Remember him? In late October 2003, when I was in Baghdad watching the launch of the so-called Ramadan Offensive — five simultaneous suicide bombings, beginning with one at the headquarters of the Red Cross, the fiery aftermath of which I witnessed — then Secretary of Defense Rumsfeld was in Washington still denying that an insurgency was underway in Iraq. He was also drafting one of his famous “snowflakes,” those late-night memoranda which he used to rain down on his terrorized Pentagon employees.

This particular snowflake, dated October 16, 2003 and entitled “Global War on Terrorism,” reads almost poignantly now, as the Defense Secretary gropes to define the war that it has become his lot to fight: “Today we lack metrics to know if we are winning or losing the global war on terror,” he wrote. “Are we capturing, killing or deterring and dissuading more terrorists every day than the madrassas and the radical clerics are recruiting, training and deploying against us?”

Rumsfeld asks the right question, for beyond the obvious metrics like the number of terrorist attacks worldwide — which have gone up steadily, and precipitously since 9/11 (for 2006, the last year for which State Department figures are available, by nearly 29%, to 14,338); and the somewhat subtler ones like the percentage of those in the Middle East and the broader Muslim world who hold unfavorable opinions of the United States (which soared in the wake of the invasion of Iraq and have fallen back just a bit since) — apart from these sorts of numbers which, for various and obvious reasons, are problematic in themselves, the key question is: How do you “take stock” of the War on Terror?
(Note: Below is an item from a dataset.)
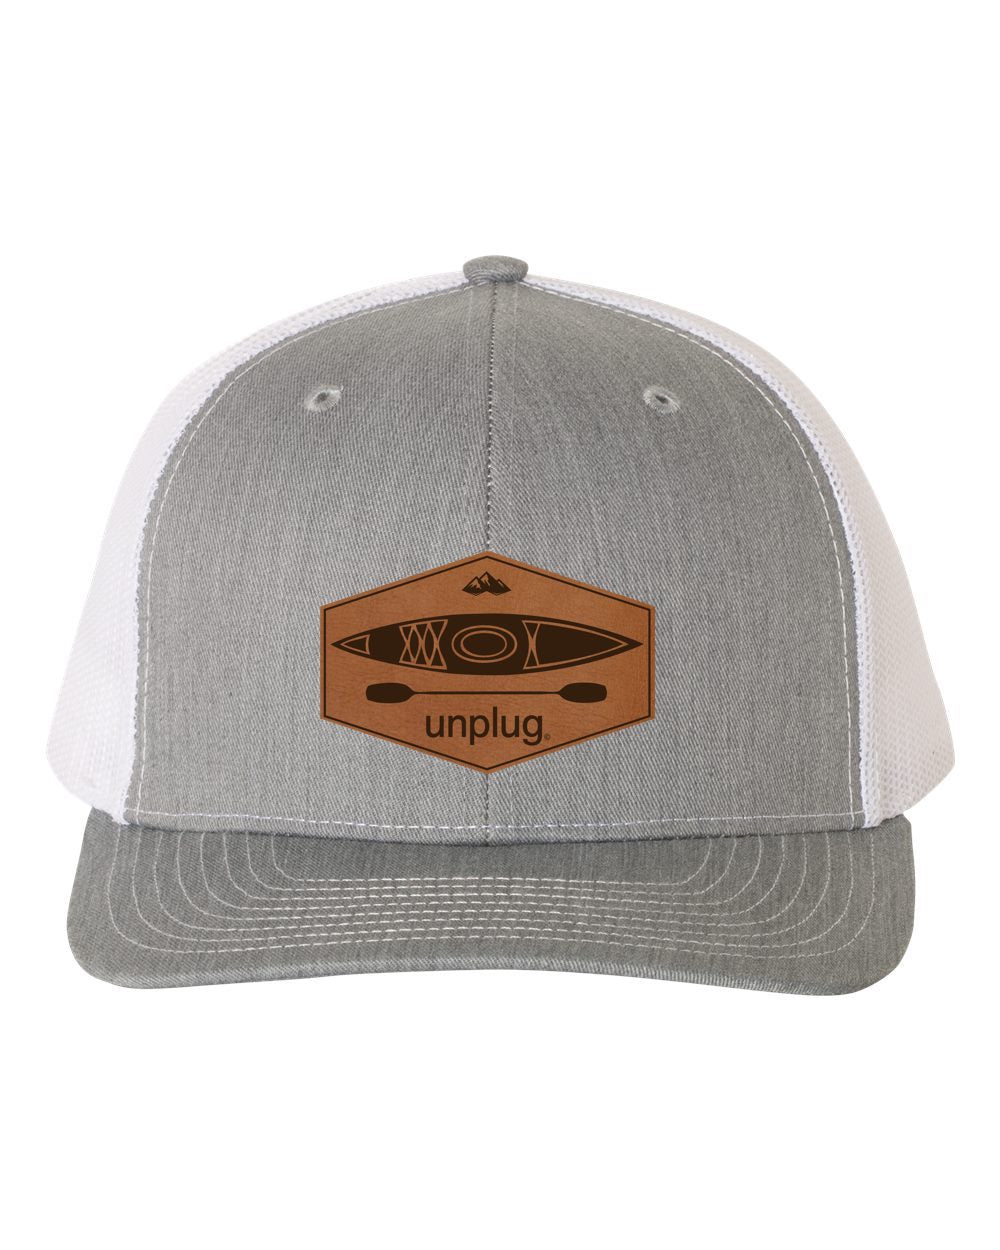 Kayak Leather Patch Hat - Life Unplugged

At the end of the day, as Secretary Rumsfeld perceived, this is a political judgment, for in its essence it has to do with the evolution of public opinion and the readiness of those with certain political sympathies to move from holding those opinions to taking action in support of them.

What “metrics” do we have to take account of the progress of this “evolution”? Well, none really — but we do have the guarded opinions of intelligence agencies, notably this rather explicit statement from the U.S. government’s National Intelligence Estimate (NIE) of April 2006, entitled “Trends in Global Terrorism: Implications for the United States,” which reads in part: “Although we cannot measure the extent of the spread with precision” — those metrics again — “a large body of all-source reporting indicates that activists identifying themselves as jihadists, although still a small percentage of Muslims, are increasing in both number and geographic distribution. If this trend continues, threats to U.S. interests at home and abroad will become more diverse, leading to increasing attacks worldwide.”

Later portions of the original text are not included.